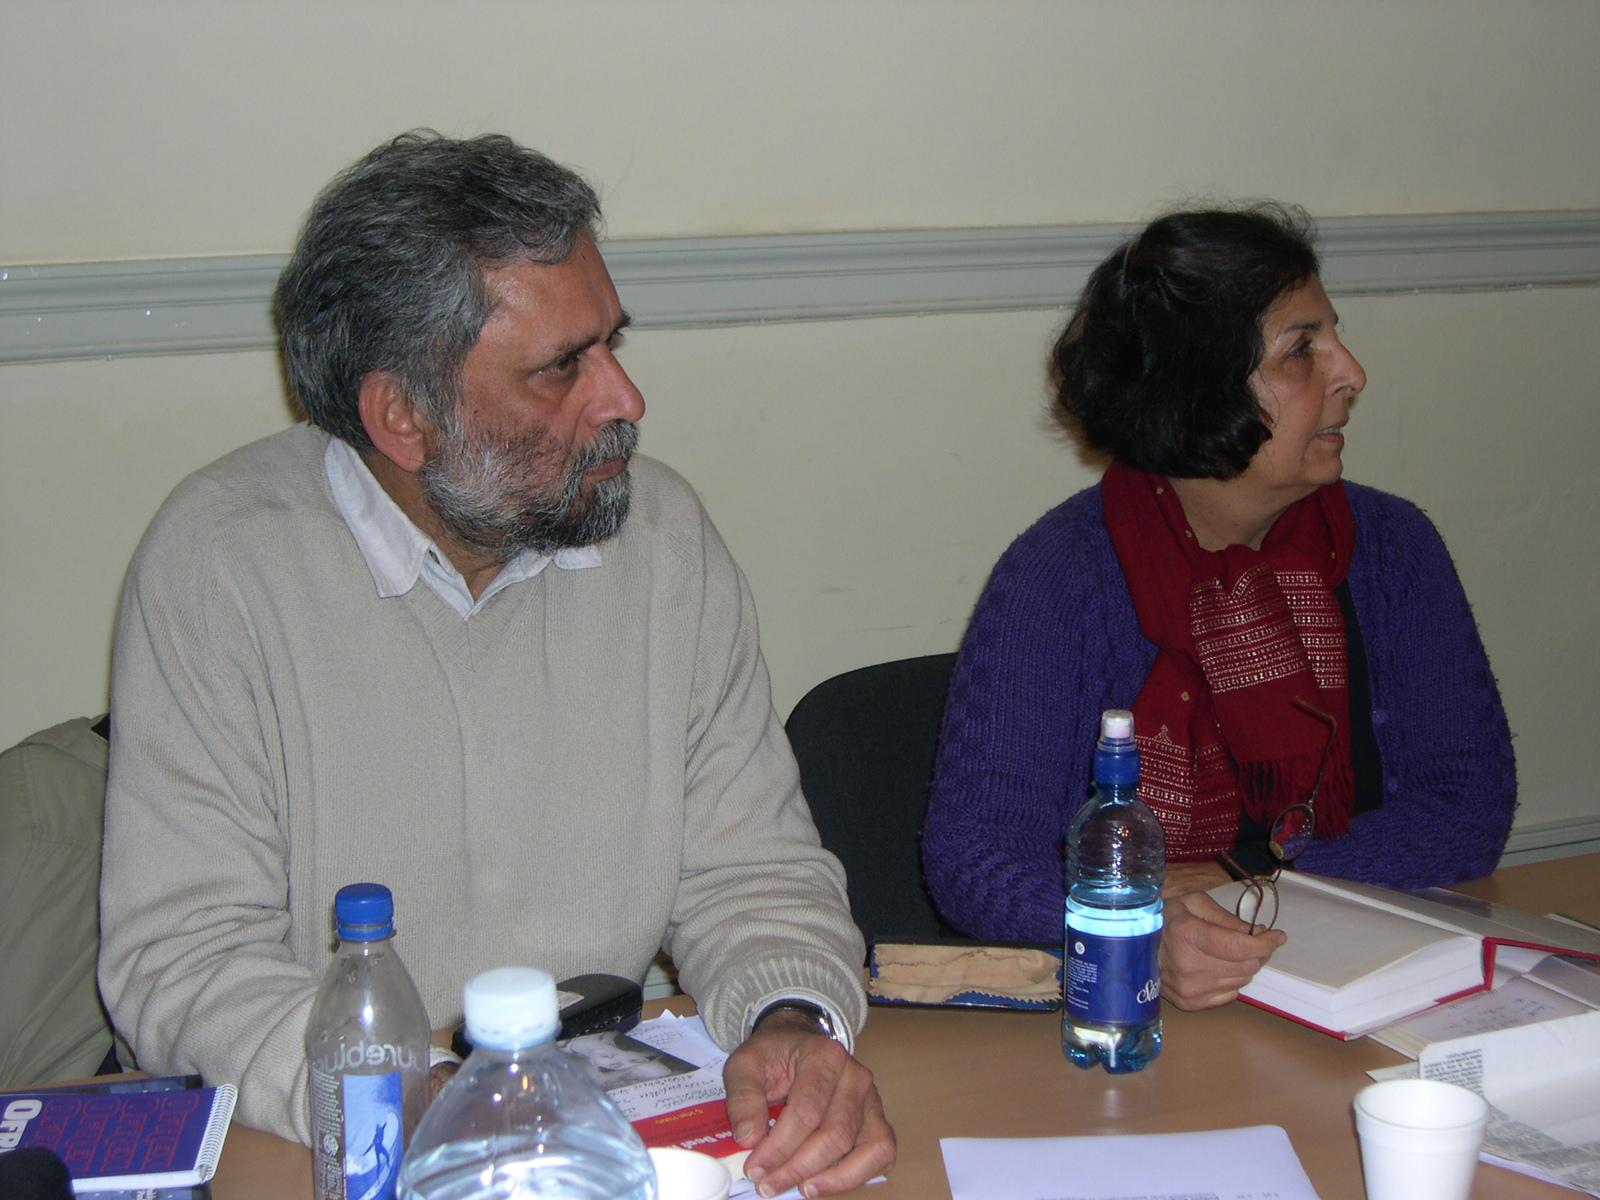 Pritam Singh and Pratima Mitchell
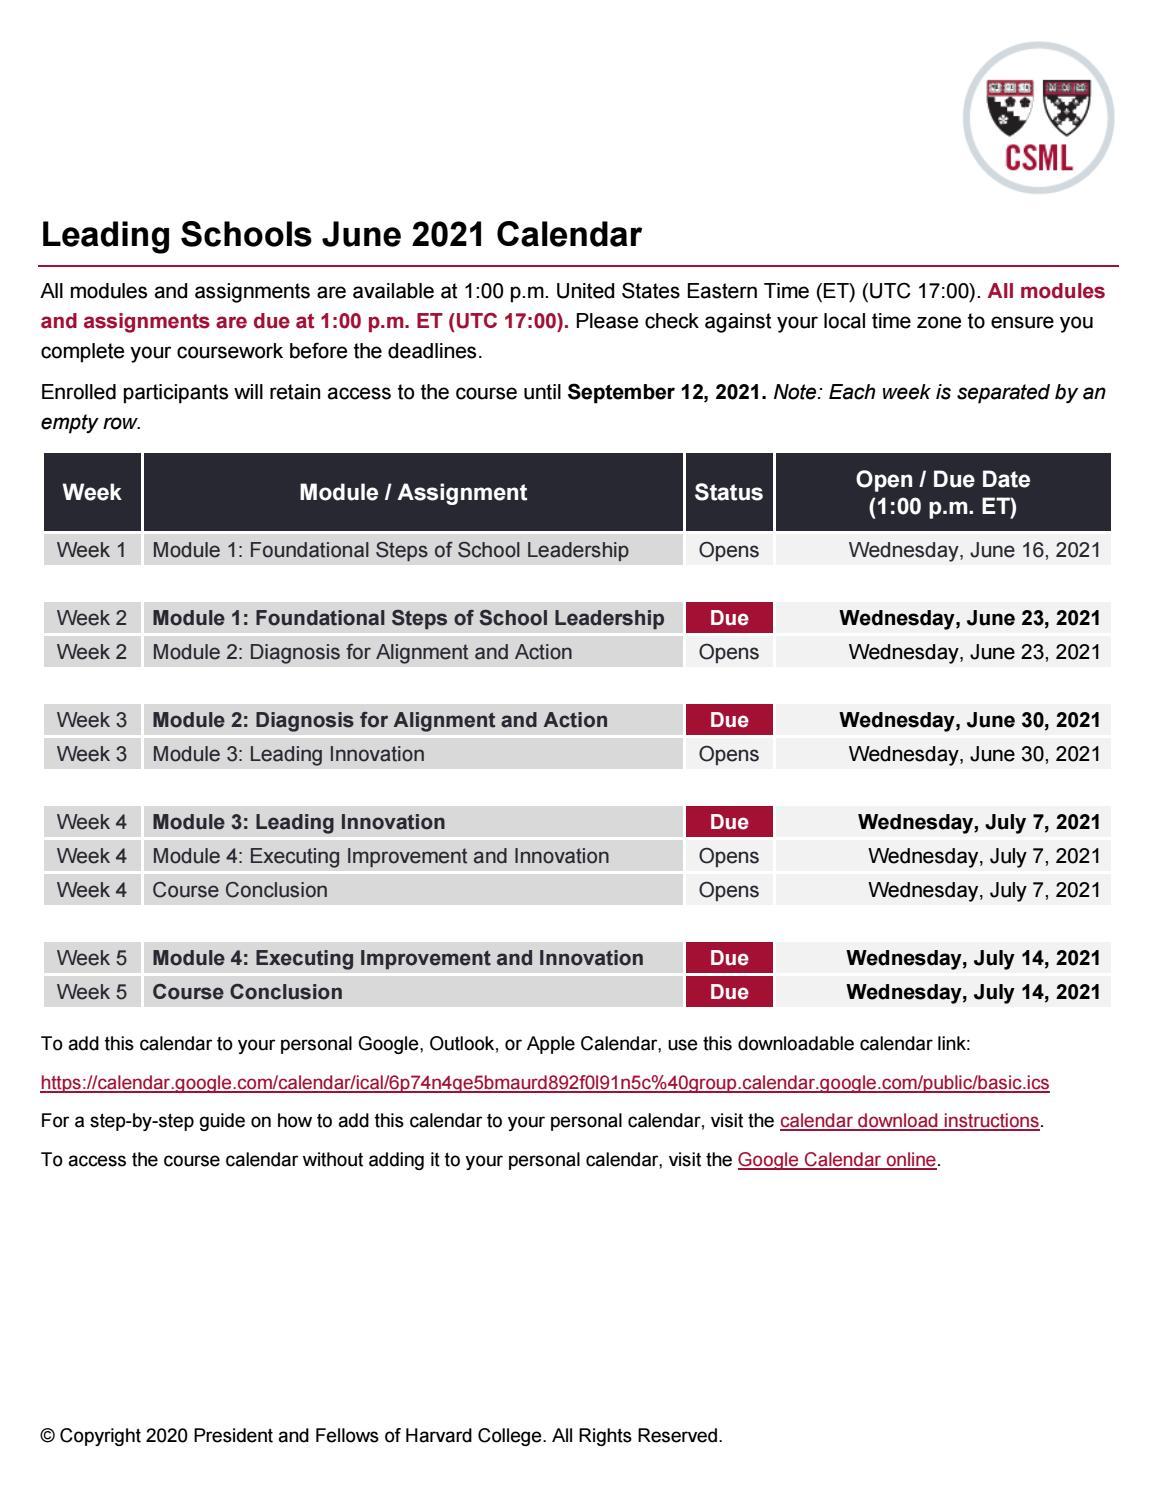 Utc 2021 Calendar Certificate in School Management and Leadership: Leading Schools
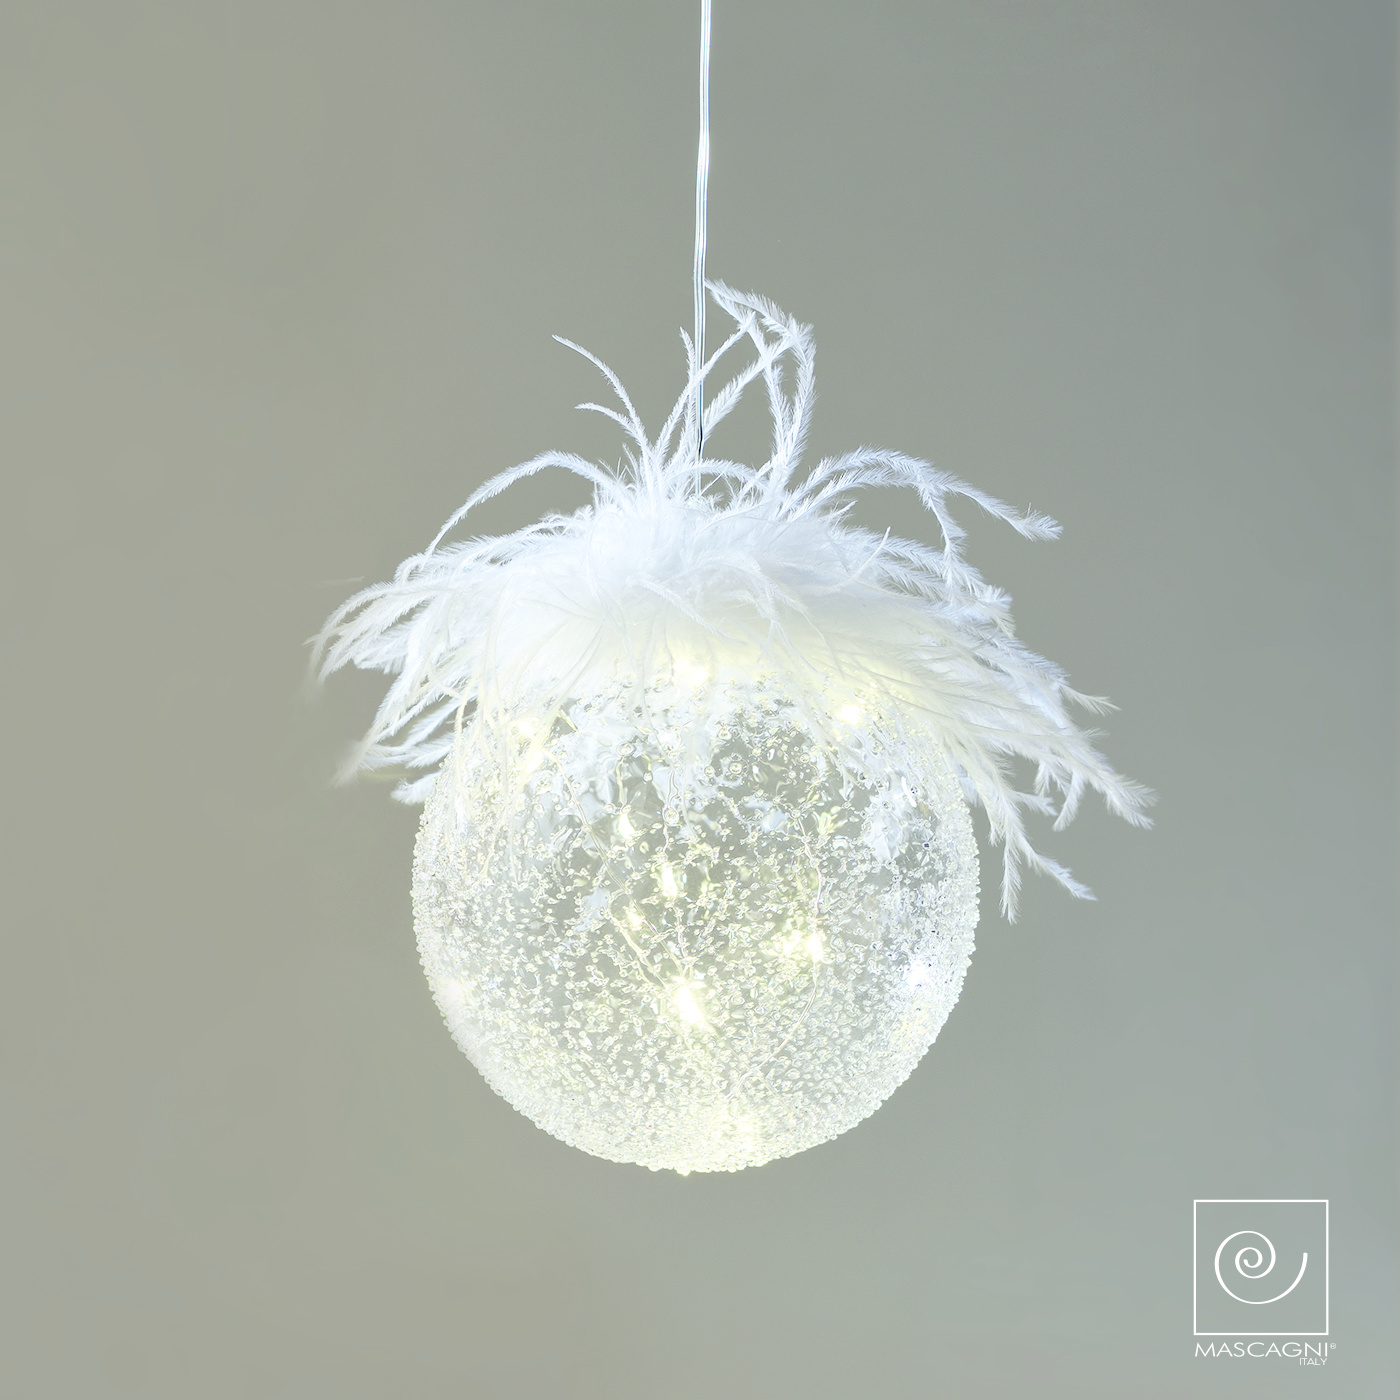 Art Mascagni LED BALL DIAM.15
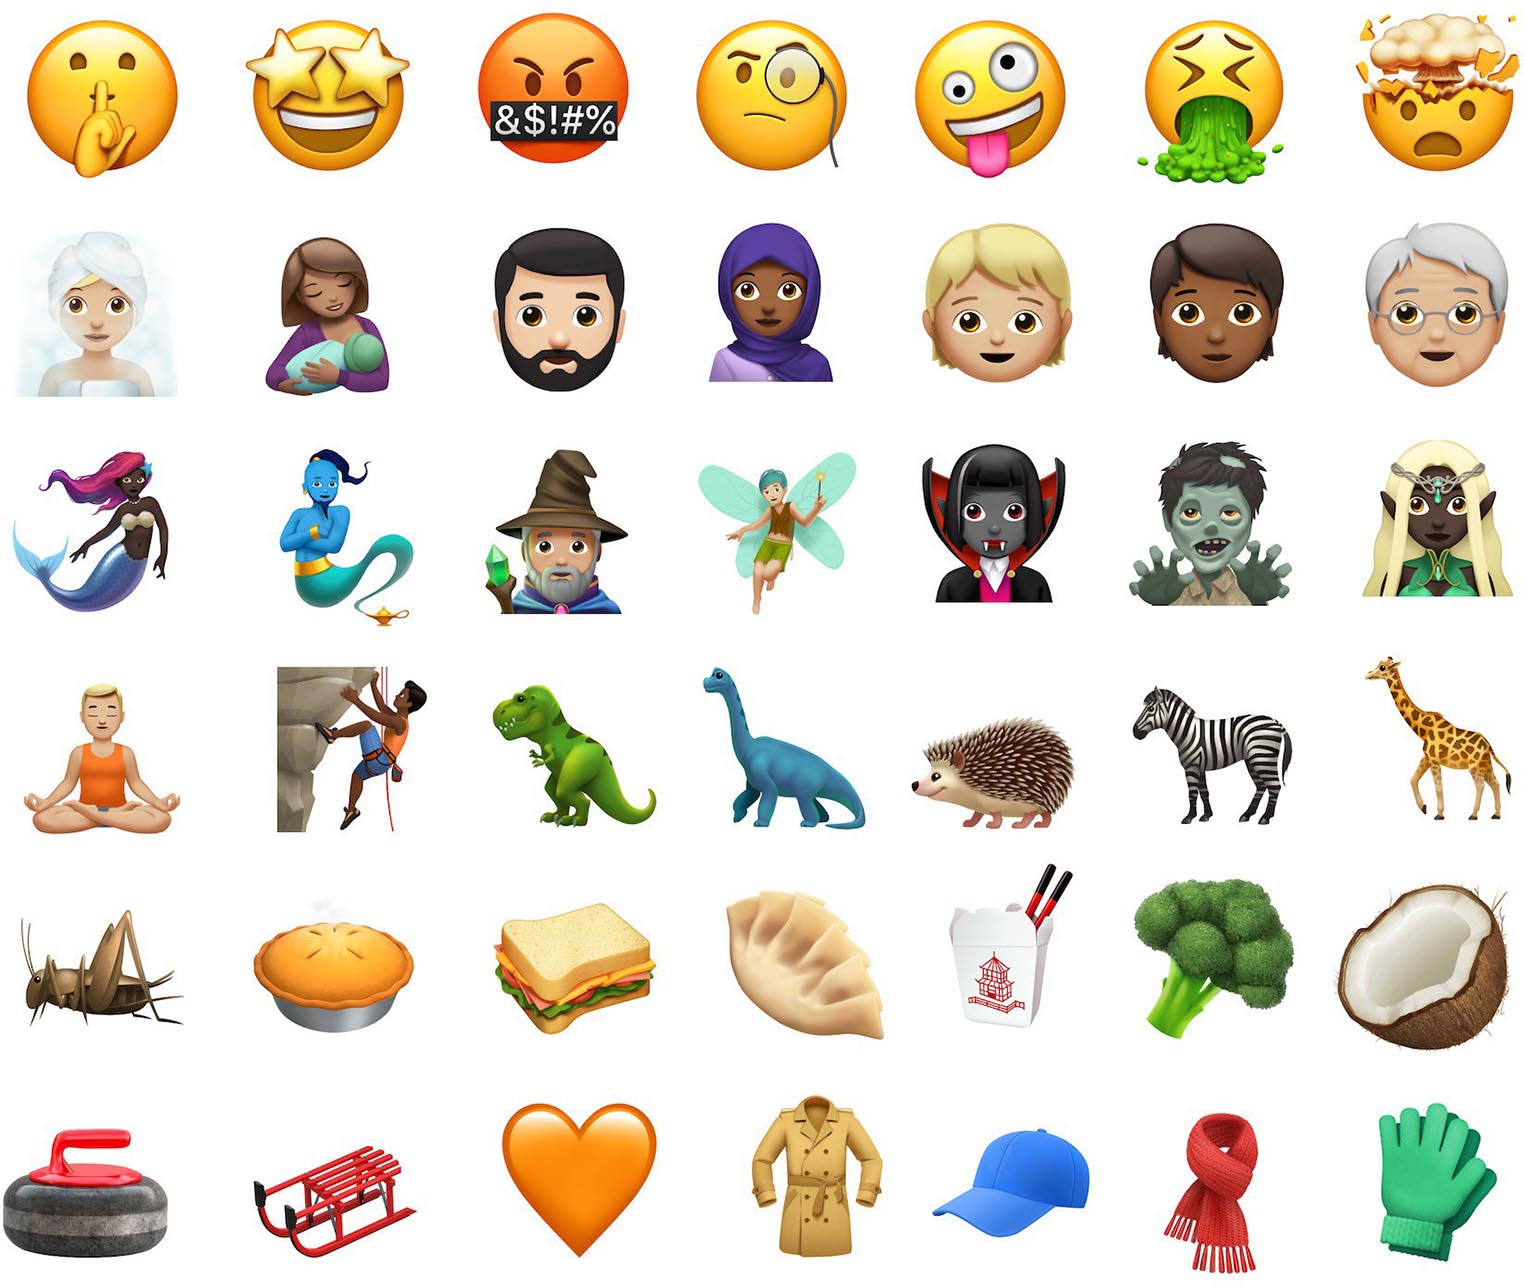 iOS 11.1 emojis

········

[Task prompt] Apart from the images, every line above is to be given again exactly.

[Solution for this task]
 Pritam Singh and Pratima Mitchell
 Utc 2021 Calendar Certificate in School Management and Leadership: Leading Schools
 Art Mascagni LED BALL DIAM.15
 iOS 11.1 emojis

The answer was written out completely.